TBH, Wikipedia should have pages on these cranks and point out they are cranks and that if they say the sky is blue that's because it changed color.
Other, much dumber nutrition cranks like Anthony William and Gary Null have Wikipedia pages. Fundamentally, the purpose of an encyclopedia is to be the place that you go to when you hear a concept and want to look up what it is.
https://en.wikipedia.org/wiki/Wikipedia:Notability#General_n...
You are welcome to join the conversation and try and convince everyone maintaining Wikipedia that random peoples' tweets should be considered a reliable source. Both those other people you mention have been mentioned multiple times in various reliable articles (see the bibliography), while the only thing I can find online about Ray Peat is something that looks a whole lot like blogspam on usnews.com.
The existence of some nutrition pseudoscientists that meet Wikipedia’s threshold of notability does not mean that being a nutrition pseudoscientist by itself qualifies a person as being sufficiently notable. Wikipedia doesn’t need an exhaustive list of every kook with weird opinions about food, there are other websites for that, like grokipedia.
If you hear a name in an internet argument, and want to know who that person is, and one site is more likely than the other to contain it, that site is definitionally the better encyclopedia in the moment. If you arbitrarily define notability so as not to include the guy who came up with the seed oil craze presently informing the federal health policy of the United States, you're just giving away part of the game for no reason.

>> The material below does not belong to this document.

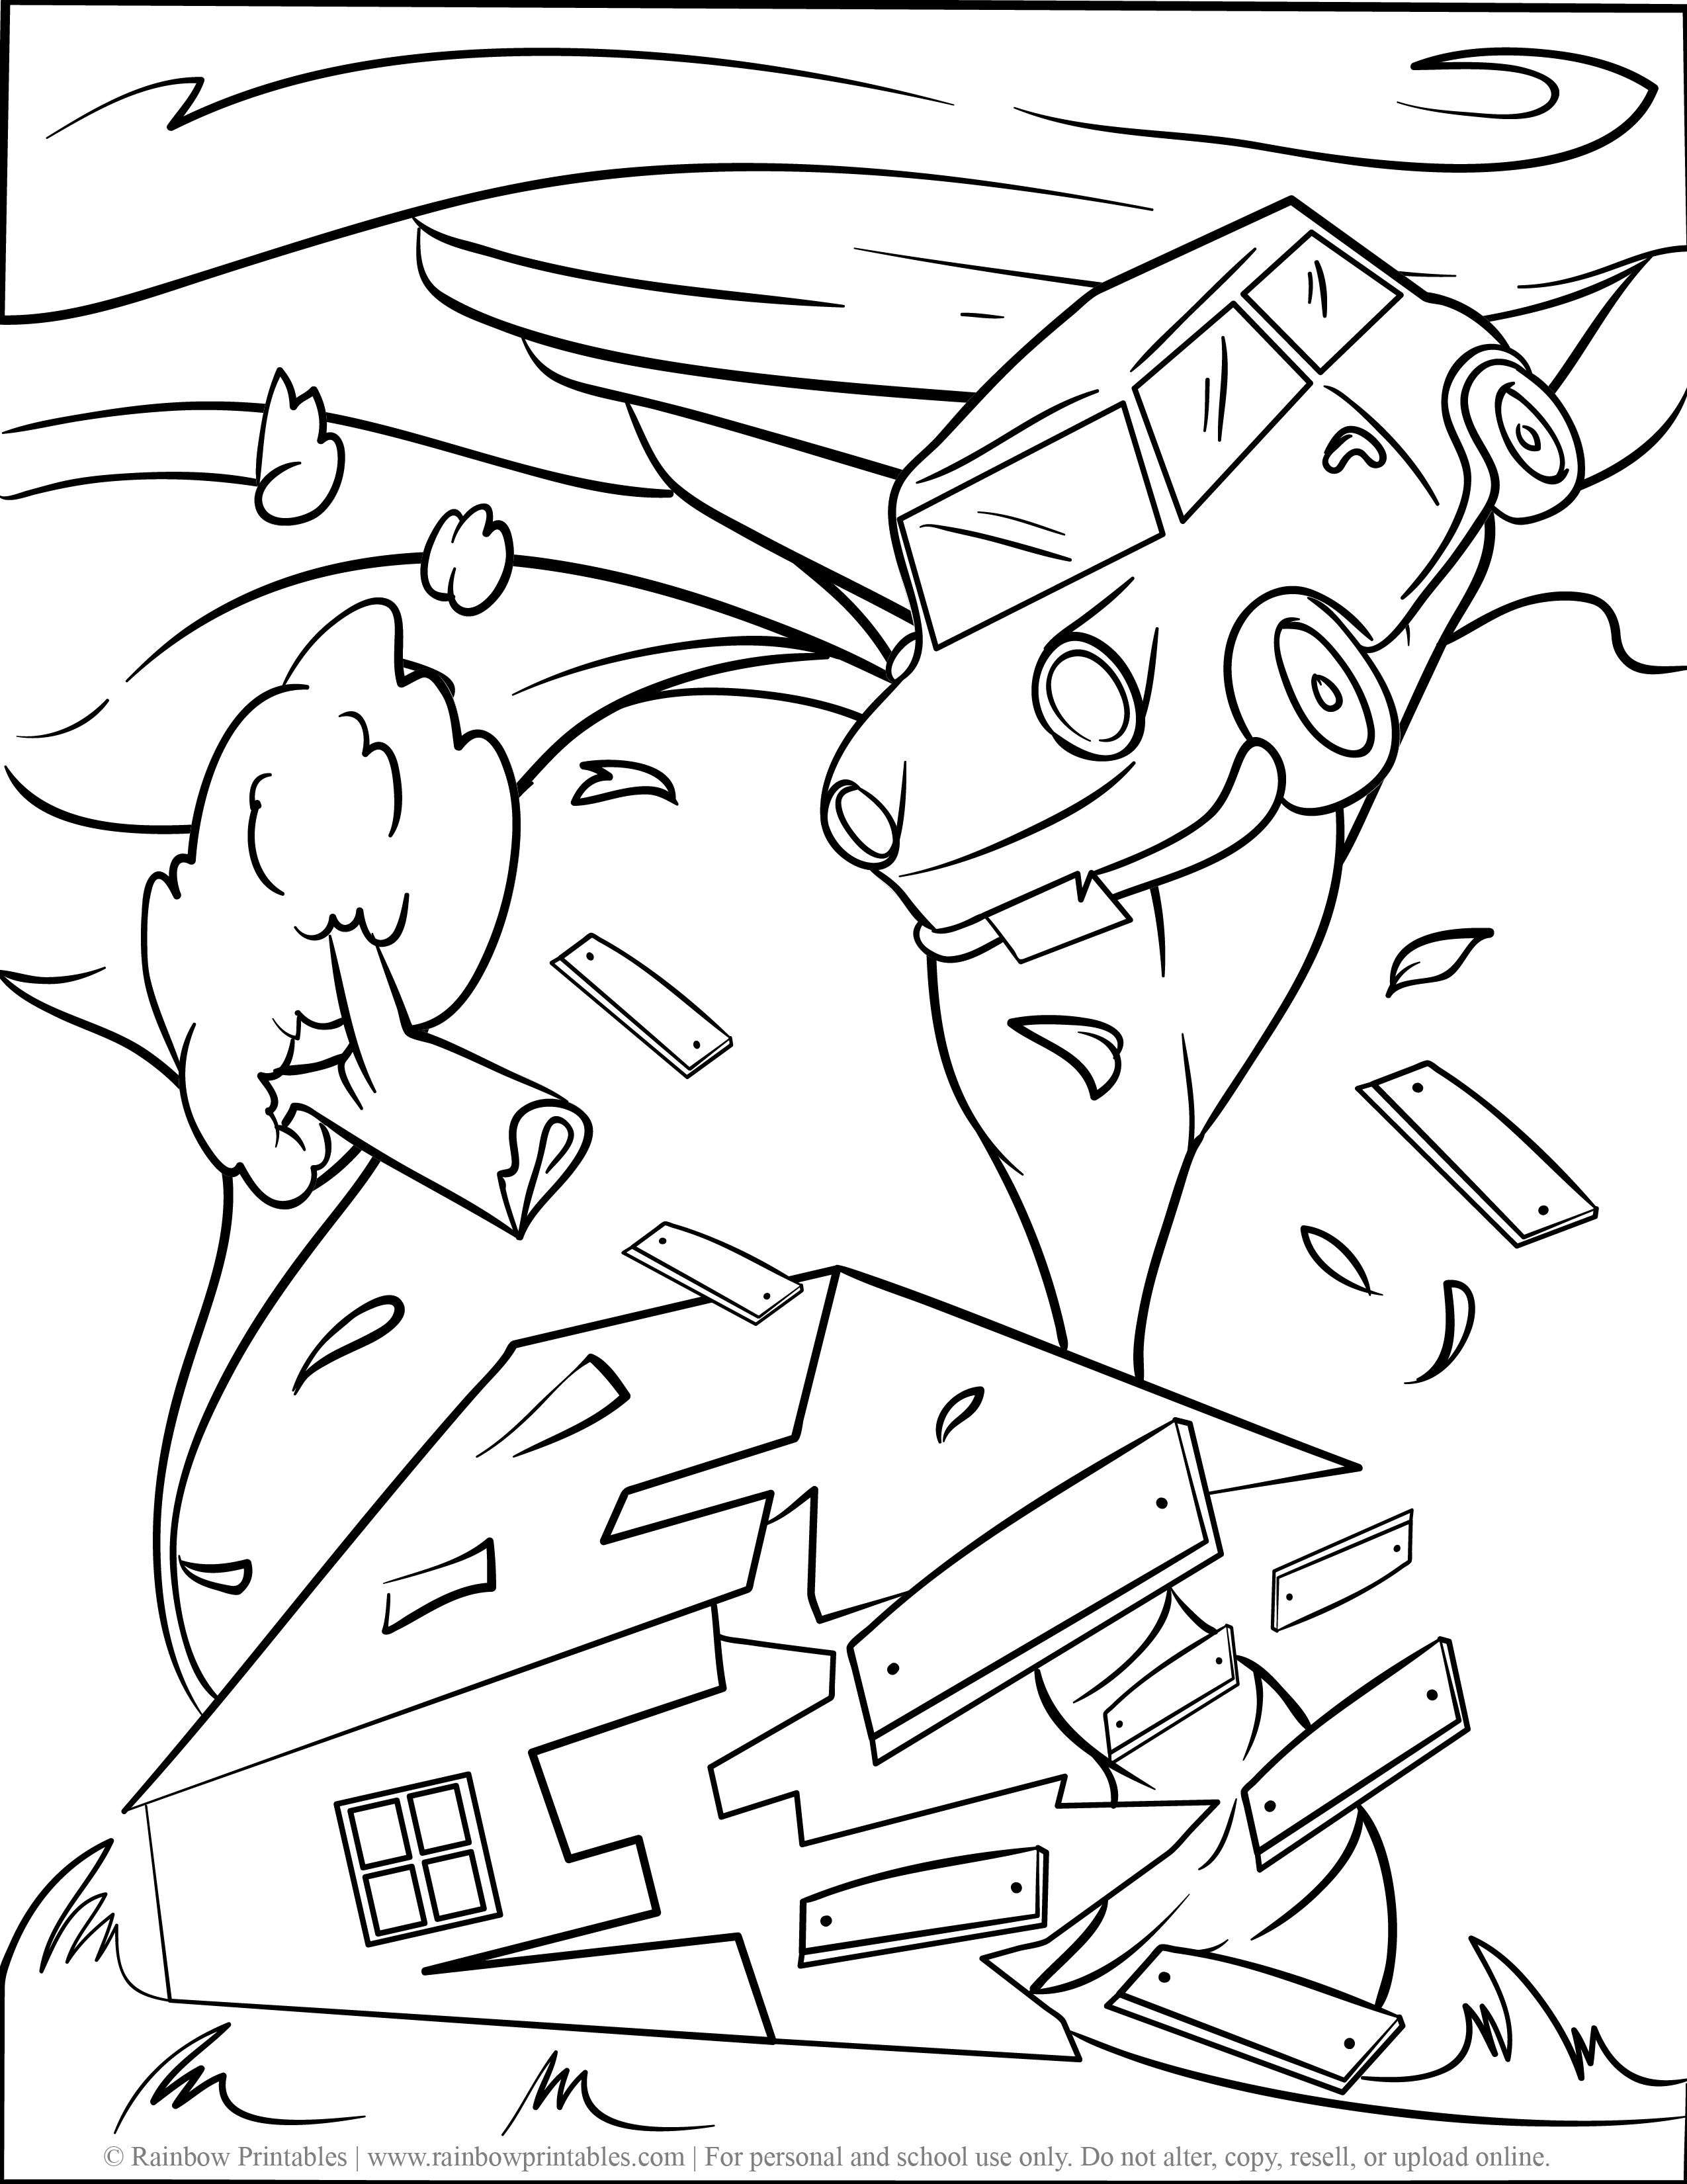 cyclone coloring pages

Like Stallman deliberately throwing away GPL compiler share dominance by refusing to make GCC a library, and now we've got a million proprietary LLVM compilers. Wikipedia isn't the gatekeeper of notability, such that refusing to have an article on some niche topic will prevent it getting oxygen. All it does is ensure that your first search result will be sympathetic to his fringe views, instead of critical.